Tanto as disciplinas Soto como a Rinzai, creio, são aqui apresentadas — pela primeira vez em língua européia — como corpo integral do ensinamento Zen, e esta experiência não é acadêmica, mas bem vivida. Por enquanto o Ocidente conhece pouco o Soto. Os intérpretes mais conhecidos do Zen no Ocidente, entusiasmados com o Rinzai, deram pouca atenção aos métodos e doutrinas do Dogen-zenji, o pai do Zen Soto japonês e, na opinião de muitos, a mais fecunda mente que o budismo japonês produziu. Não é por isso, surpreendente que um grande número de shikan-taza ocidentais, orientados pelo Zen, o coração da disciplina de meditação de Dogen, seja quase um enigma. Neste volume, os objetivos e métodos da shikan-taza, assim os do koan zazen, o sustentáculo principal da seita Rinzai, são expostos com toda a autoridade por Yasutani-roshi, que utiliza ambos no seu próprio sistema de ensino.

Nas introduções apresentei o plano de fundo e o material suplementar que julguei oportuno para ajudar o leitor a compreender a matéria de cada parte, mas resisti à tentação de analisar ou interpretar os ensinamentos do mestre. Tal coisa só encorajaria o leitor a reinterpretar minhas interpretações e, querendo ou não, ele se encontraria tragado pela areia movediça da especulação e da auto-glorificação, das quais um dia, se praticasse com seriedade o Zen, teria penosamente de se livrar. Pois, exatamente por este motivo, a “traficância de idéia” sempre foi desencorajada pelos mestres Zen.

Este livro deve imensamente a muita gente. Em primeiro lugar e sobretudo, deve enormes obrigações ao mestre Zen Yasutani, cujos ensinamentos preenchem mais de metade do livro e que graciosamente permitiu estivessem ao alcance de um público mais amplo.
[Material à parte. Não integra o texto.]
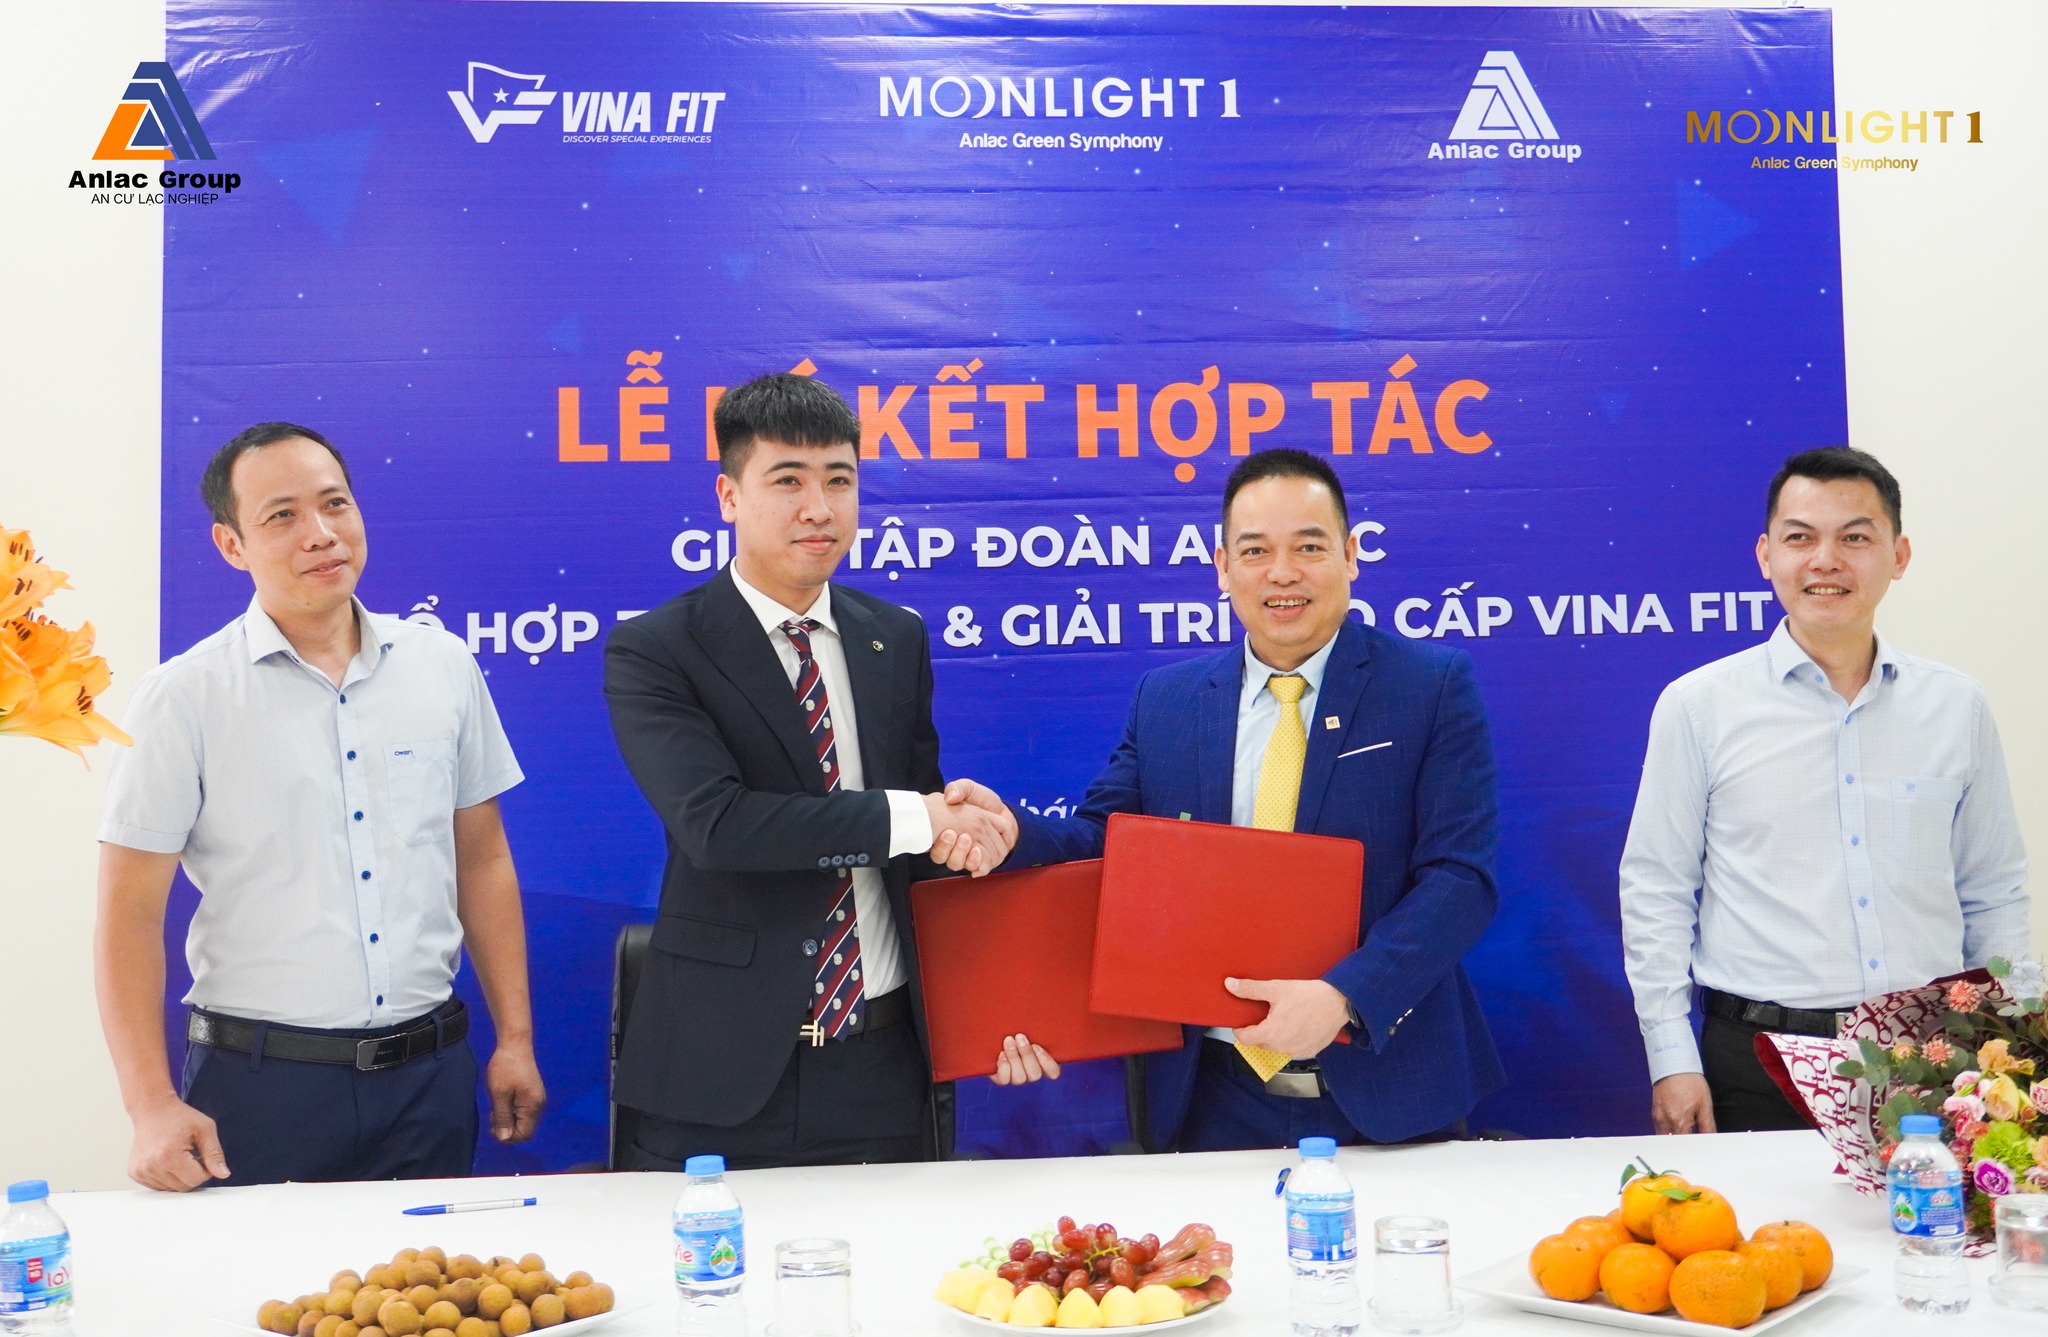 Tập đoàn An Lạc chính thức ký kết hợp tác với Tổ hợp Thể thao & Giải trí cao cấp Vina Fit tại Moonlight 1

Meus colaboradores e eu mesmo, todos discípulos seus, estamos profundamente gratos por seus conselhos cheios de sabedoria e o espírito magnânimo com que nos inspirou do princípio ao fim deste livro.

Devo agradecimentos especiais à Dra. Carmen Blaker, da Universidade de Cambridge. Suas traduções simultâneas de muitas conferências de Yasutani-roshi sobre a prática do Zen foram por mim incorporadas às traduções que aparecem neste livro. Além disto, tomei a liberdade de adotar sem alteração, diversos parágrafos de suas próprias traduções de partes deste mesmo material, que foi publicado na revista budista inglesa The Middle Way, uma vez que sua forma de expressão era tão apropriada que eu mal poderia esperar melhorá-la.

Sou extremamente grato a Dr. Huston Smith, professor de Filosofia do Instituto de Tecnologia de Massachnsetts e autor do The Religion ofMan, por seus conselhos valiosos e encorajamentos na primeira fase do manuscrito e por seu prefácio.

Reconheço agradecido a ajuda de Brigitte D’Ortschy, uma amiga dharma. Sua leitura atenta de todo o manuscrito deu origem a muitas e valiosas sugestões.

Meredith Weatherby e Ralph Friedrich, ambos do John Weatherhill, mc., em Tóquio, foram editores muito compreensivos durante toda a preparação deste livro e lhes sou grató por seu auxílio.

A gratidão a minha esposa, deLancey, não é menor. Em todas as fases da redação ela me encorajou e trabalhou comigo. Na verdade, durante muitos anos estes trabalhos constituíram sua prática mais importante do zazen. Também lhe devo os desenhos das posturas do zazen.

As dez figuras da criação do boi da VIII parte foram usadas com a gentil permissão do artista Gyokusei Jikihara. É ele um pintor contemporâneo altamente considerado em Kyoto e um discípulo leigo de Shibayama-roshi, o antigo abade do Mosteiro Nanzen, sob cuja orientação treinou no Zen durante muitos anos.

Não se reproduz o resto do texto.